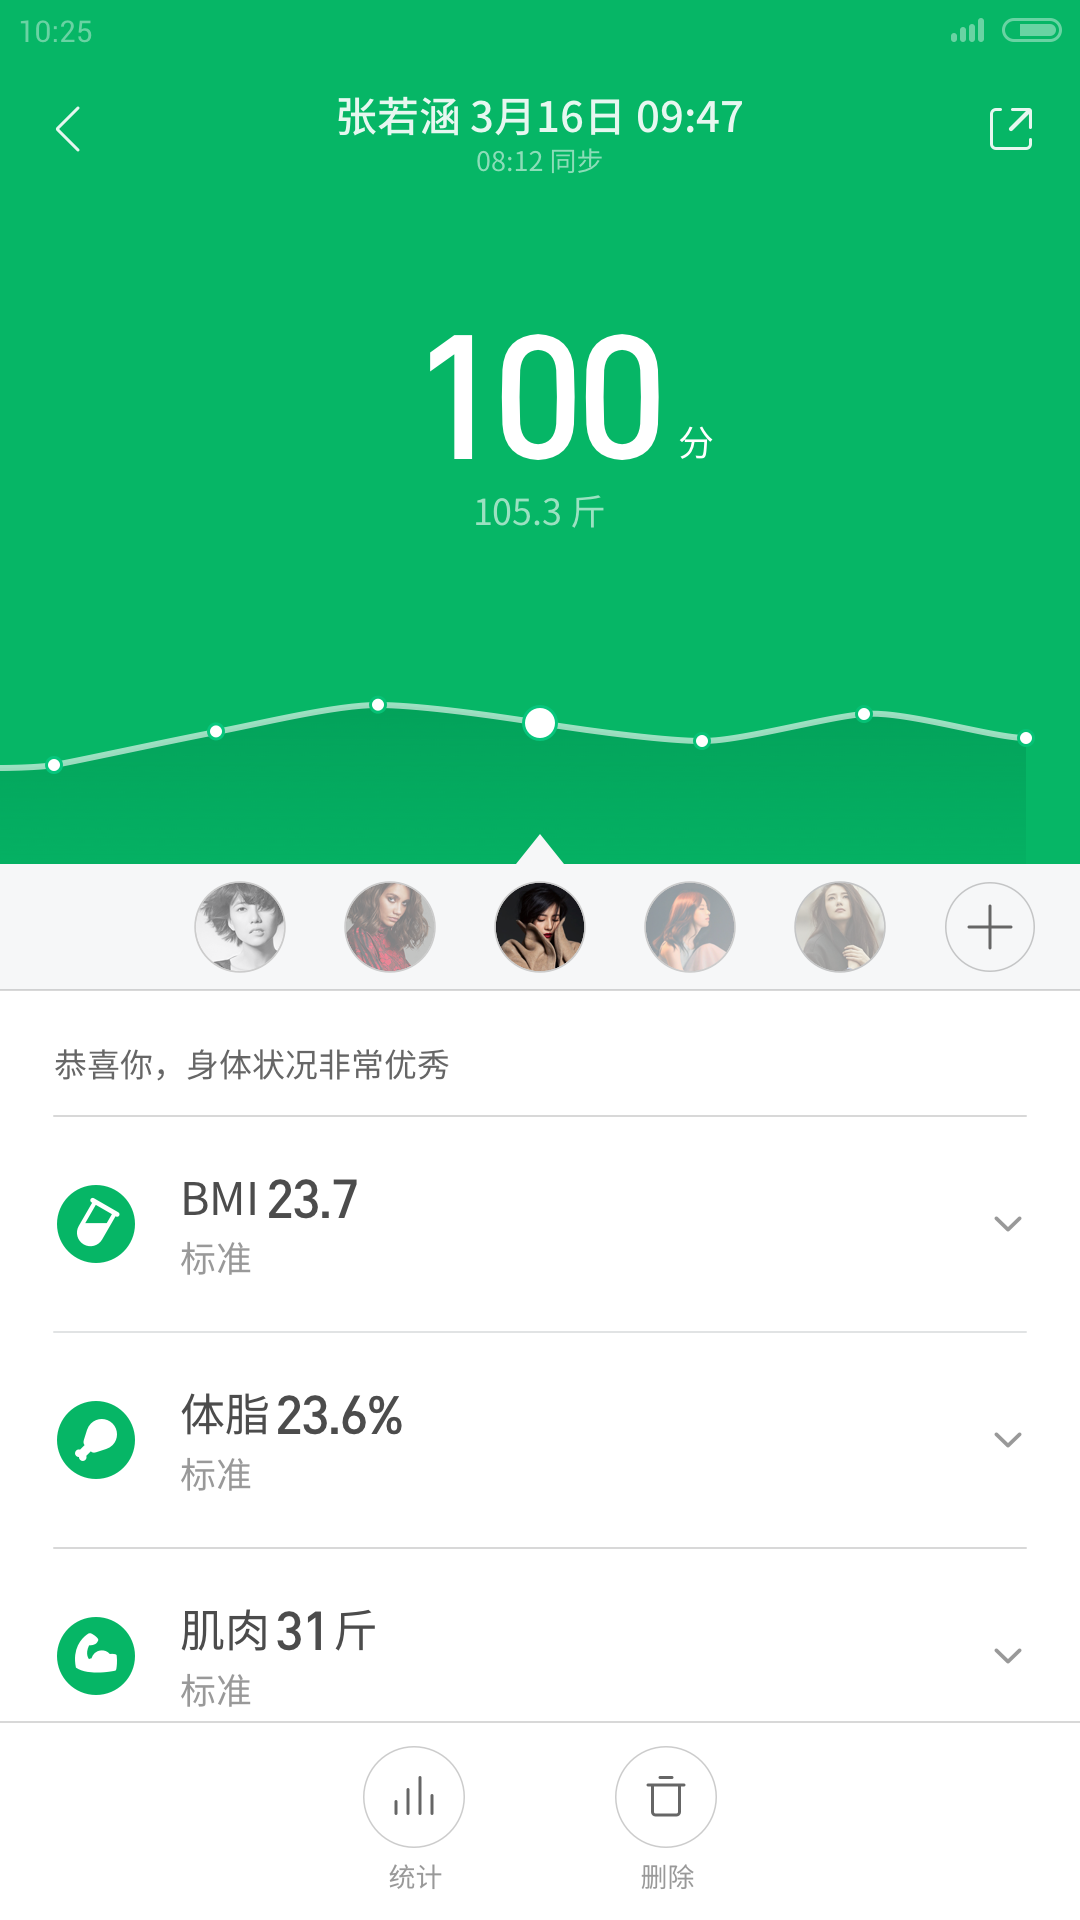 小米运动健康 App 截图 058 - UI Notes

* * *

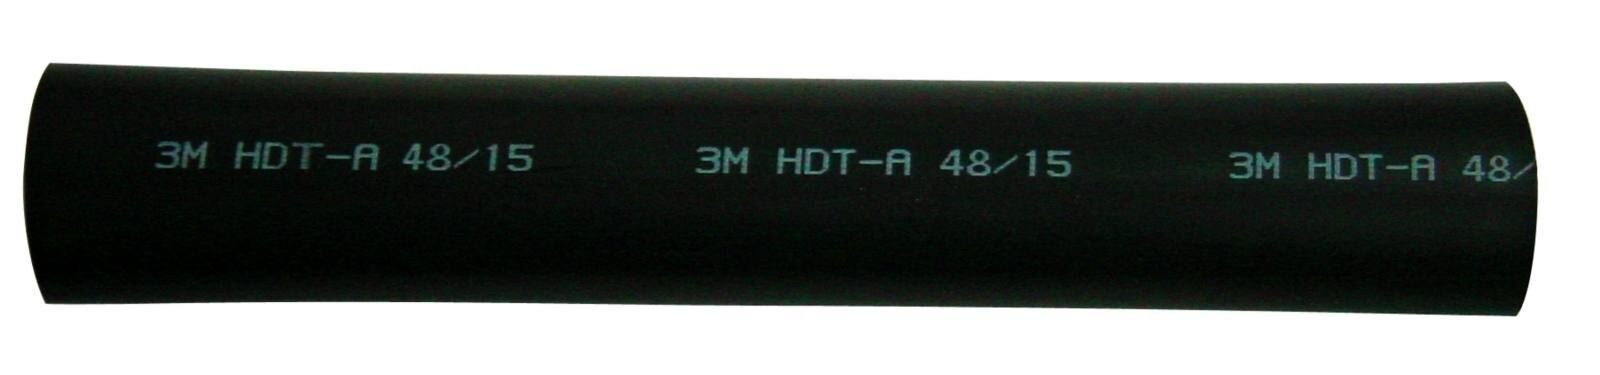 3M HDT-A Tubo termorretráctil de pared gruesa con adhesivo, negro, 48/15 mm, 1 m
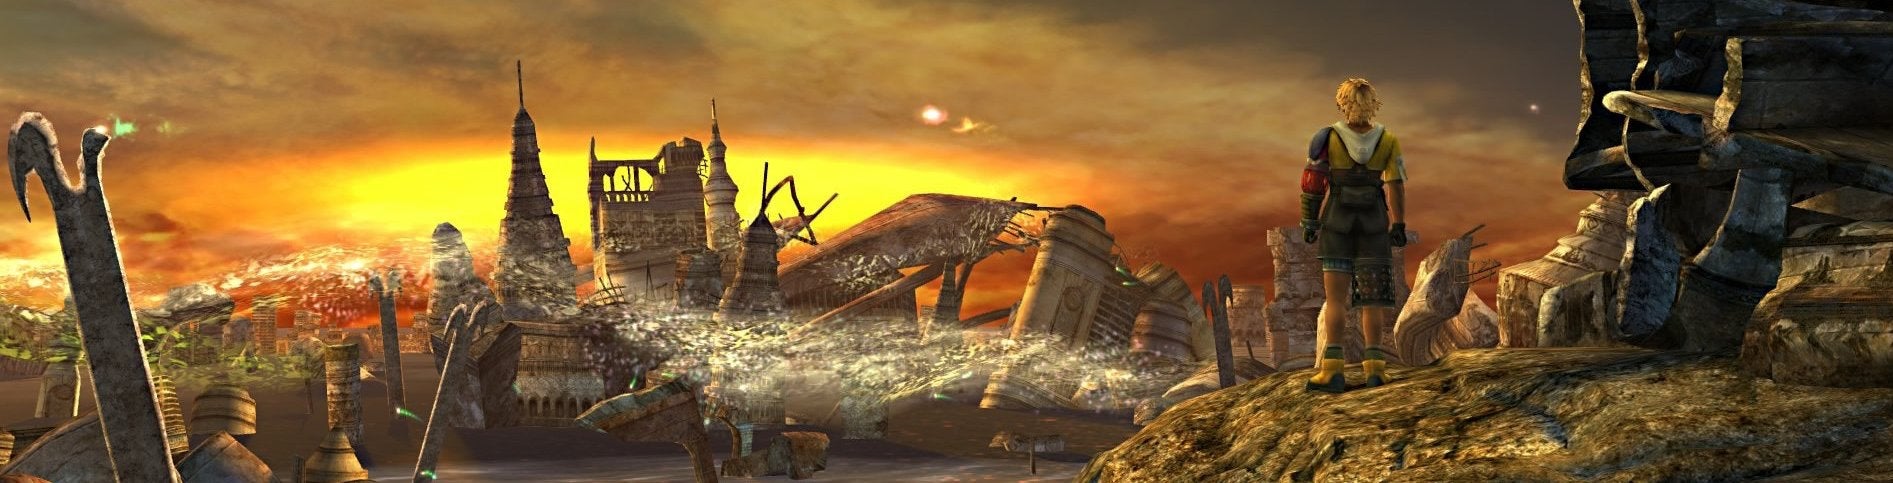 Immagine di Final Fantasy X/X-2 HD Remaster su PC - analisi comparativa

• [PROBLEM]
Copy out exactly the lines above beginning with the line that contains "3M HDT-A Tubo" and finishing with the line that contains "Immagine di Final", including both; leave the pictures out.

• [SOLUTION TO THE EXERCISE]
 3M HDT-A Tubo termorretráctil de pared gruesa con adhesivo, negro, 48/15 mm, 1 m
 Immagine di Final Fantasy X/X-2 HD Remaster su PC - analisi comparativa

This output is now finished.